▸ ASSIGNMENT
Using only the entries below, copy exactly the lines that begin at the one with "手巻き メンズ 腕時計" and end at the one with "葉食器棚高いナチュラシック ナチュラルサンスクリーンCO シダーウッド&オレンジスイートの香り", both included. Drop the pictures.

▸ SUPPLIED MATERIAL
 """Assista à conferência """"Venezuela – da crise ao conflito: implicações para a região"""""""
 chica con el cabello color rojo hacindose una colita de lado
* * *
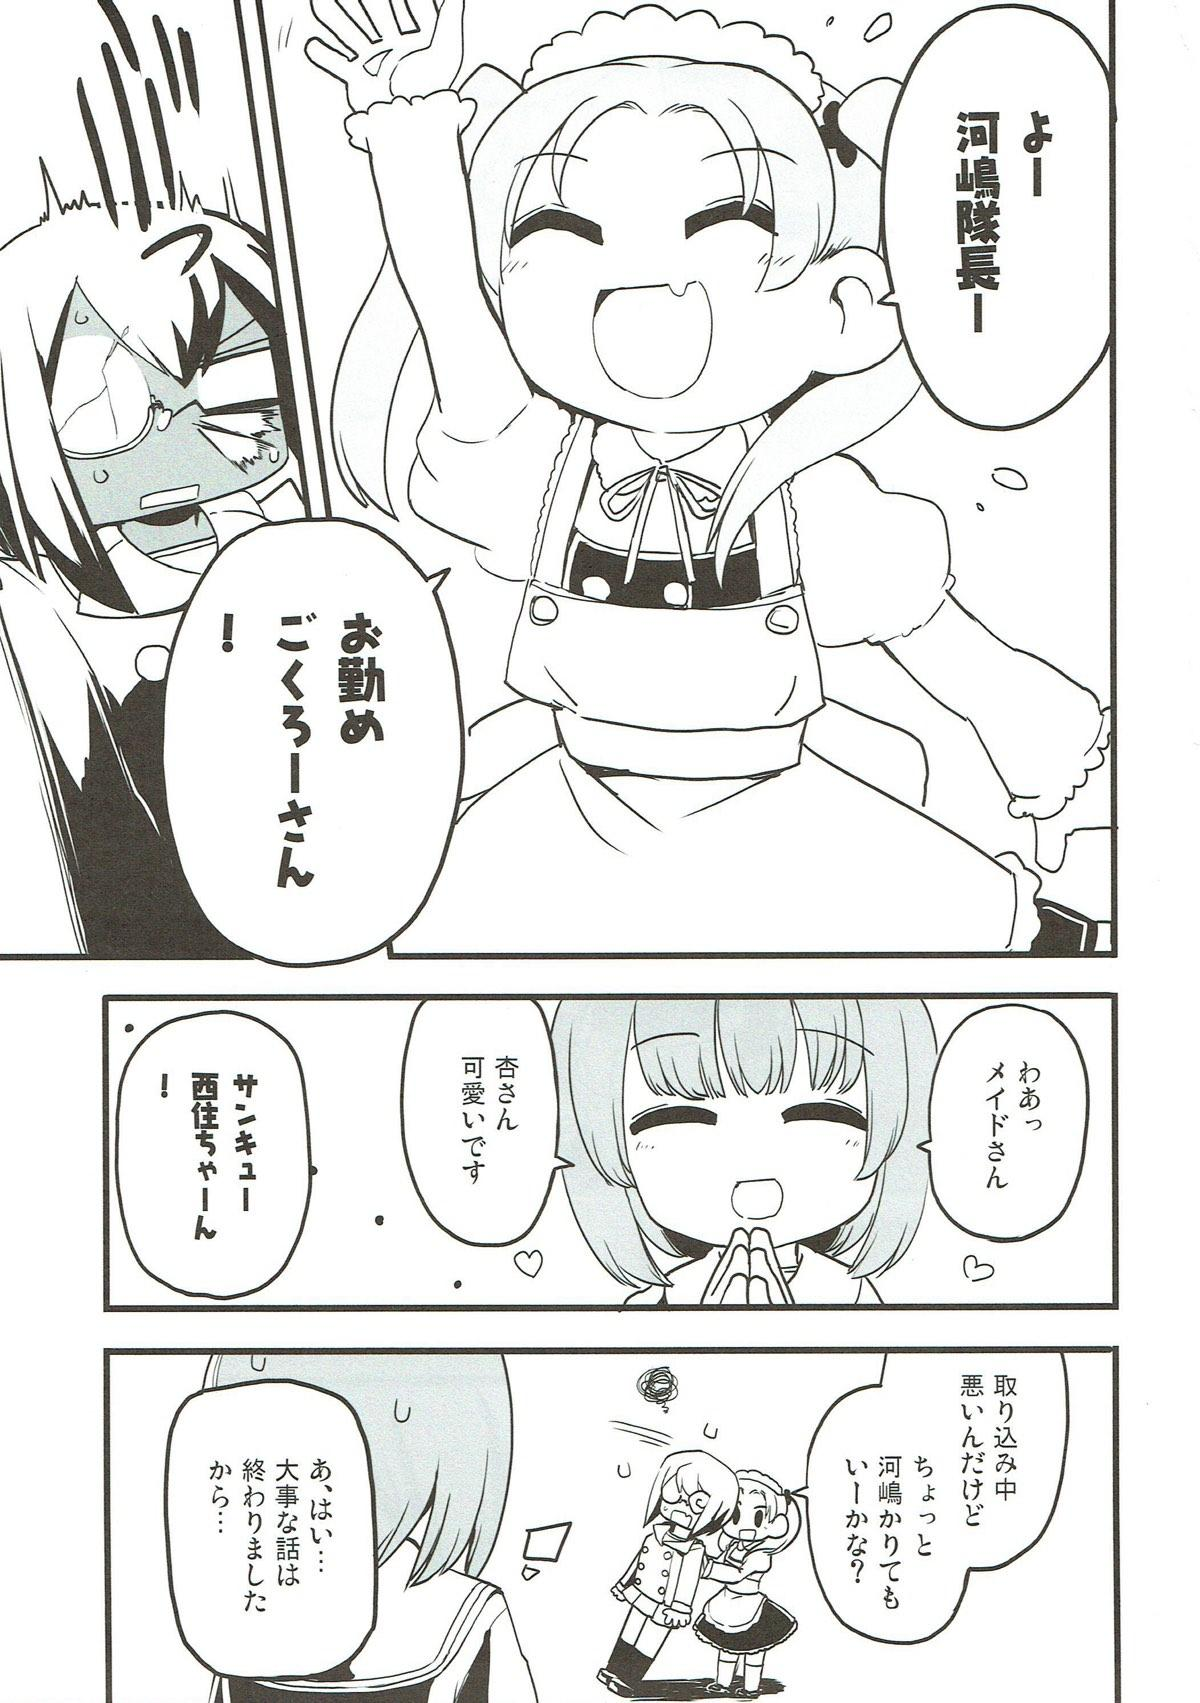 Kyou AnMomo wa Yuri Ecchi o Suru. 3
==
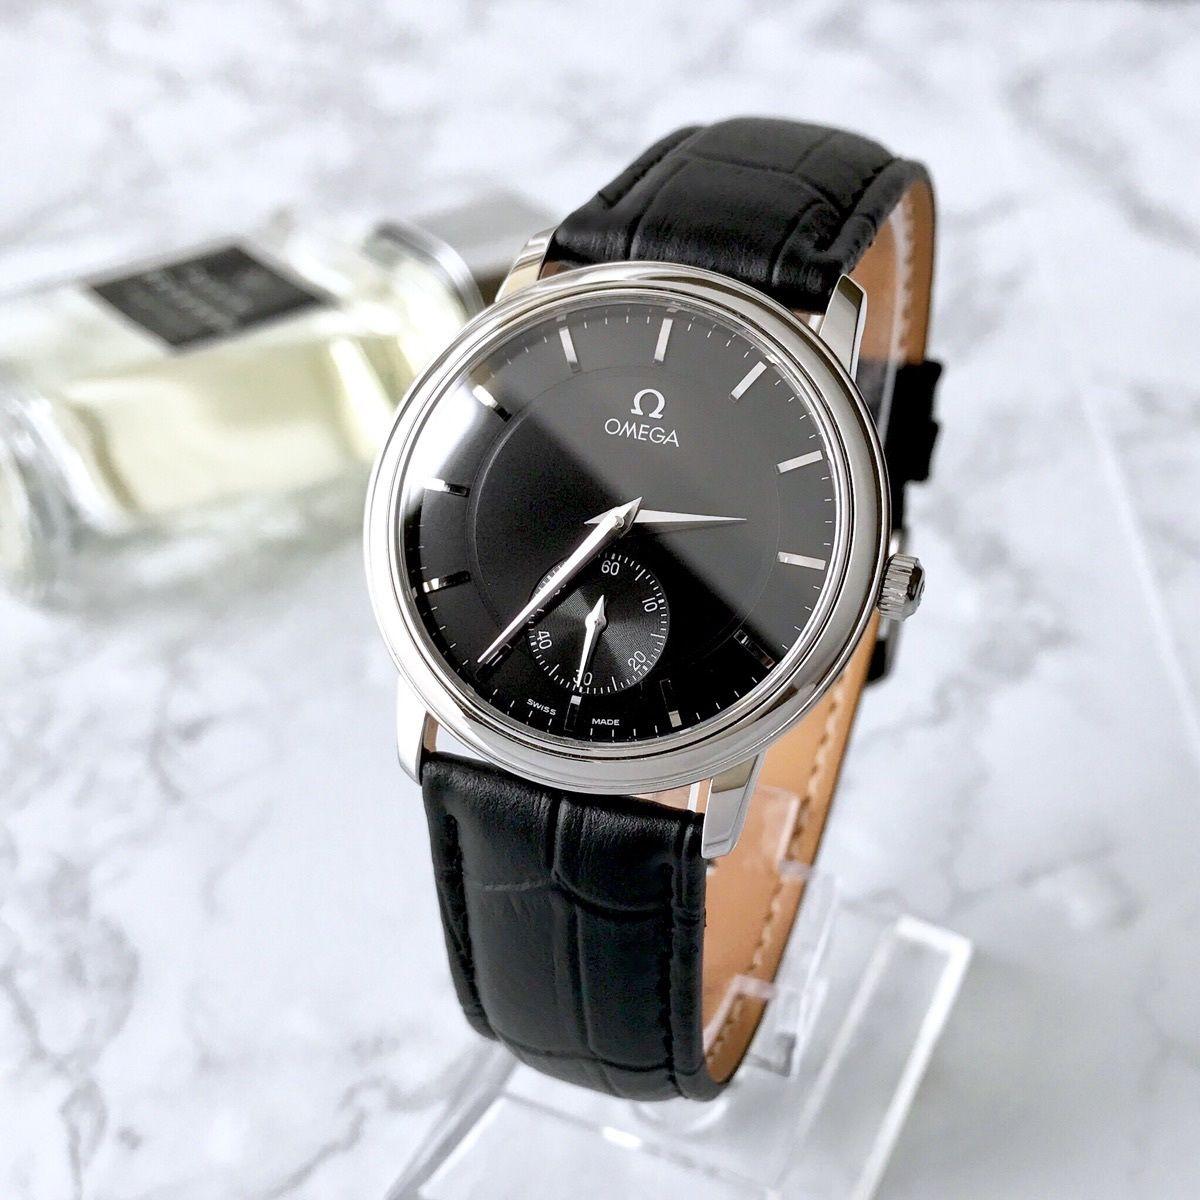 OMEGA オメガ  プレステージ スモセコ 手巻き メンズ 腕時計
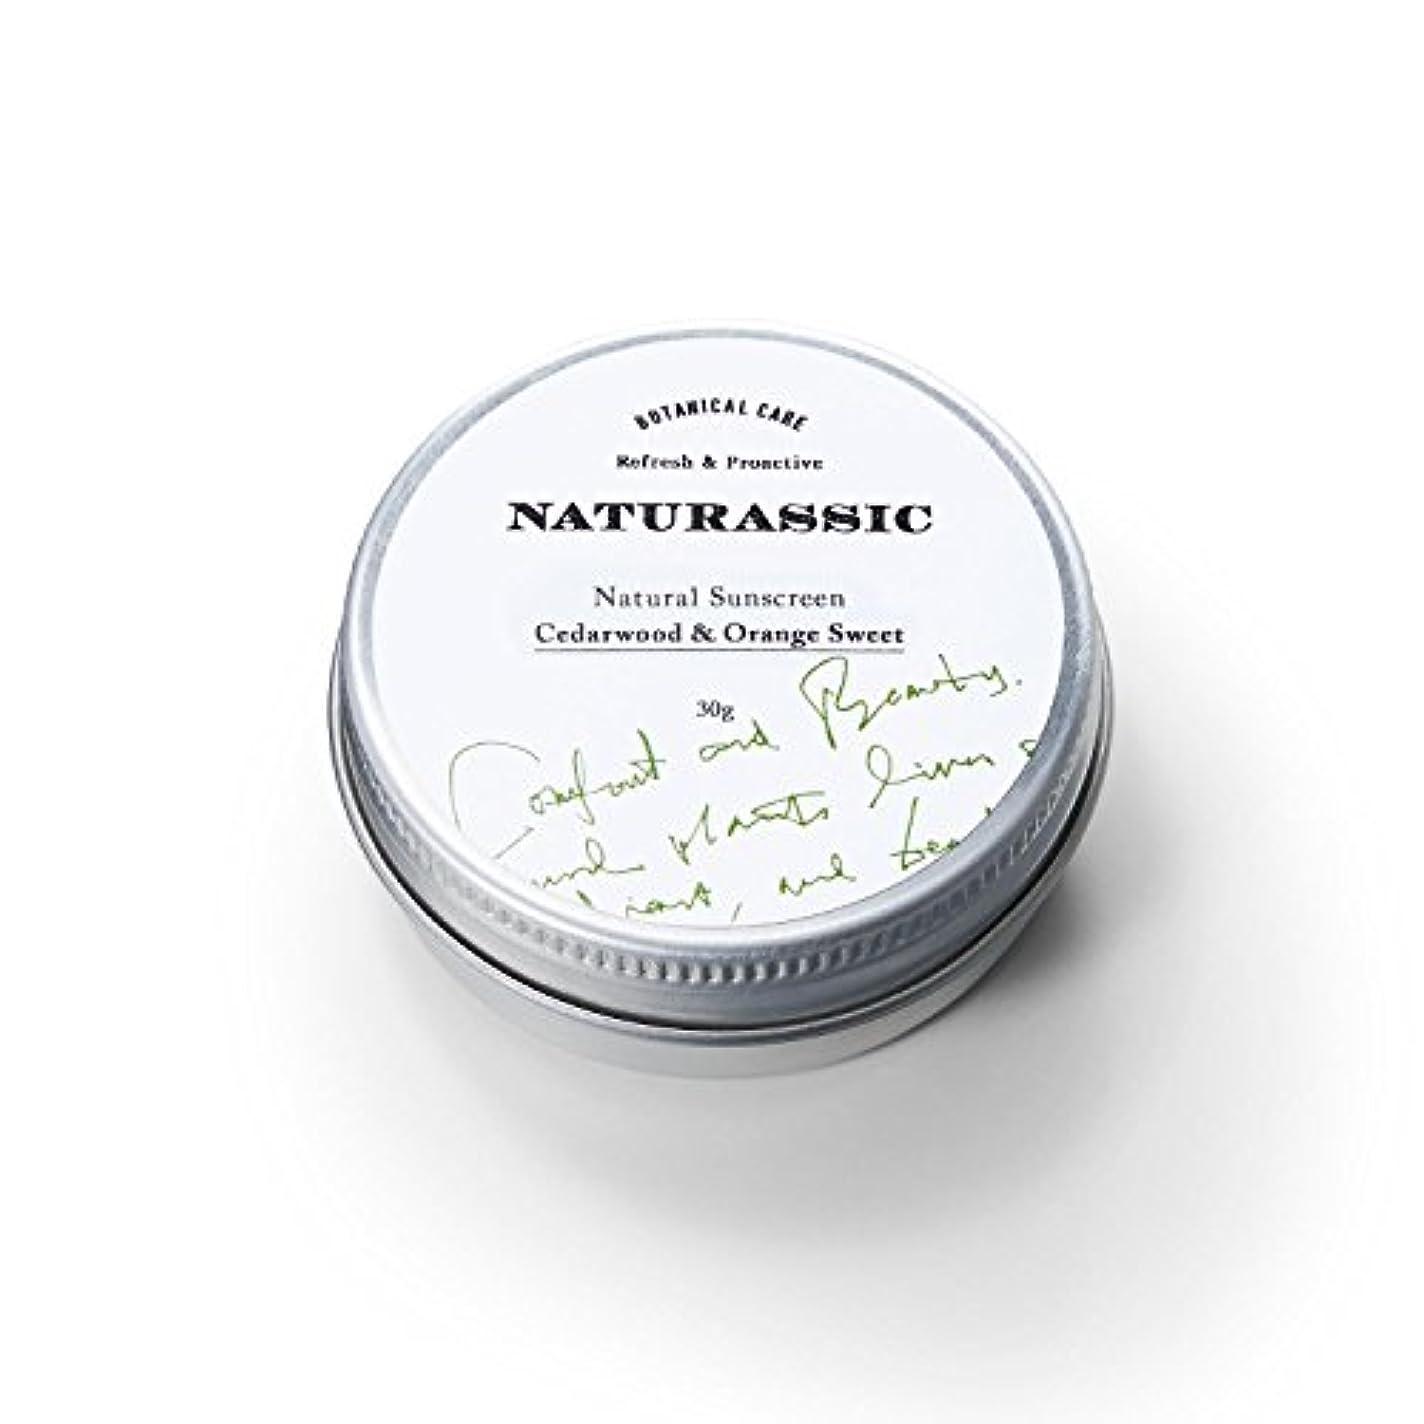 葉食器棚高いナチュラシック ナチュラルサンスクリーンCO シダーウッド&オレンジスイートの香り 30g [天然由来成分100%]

▸ COMPLETED TASK
 OMEGA オメガ  プレステージ スモセコ 手巻き メンズ 腕時計
 葉食器棚高いナチュラシック ナチュラルサンスクリーンCO シダーウッド&オレンジスイートの香り 30g [天然由来成分100%]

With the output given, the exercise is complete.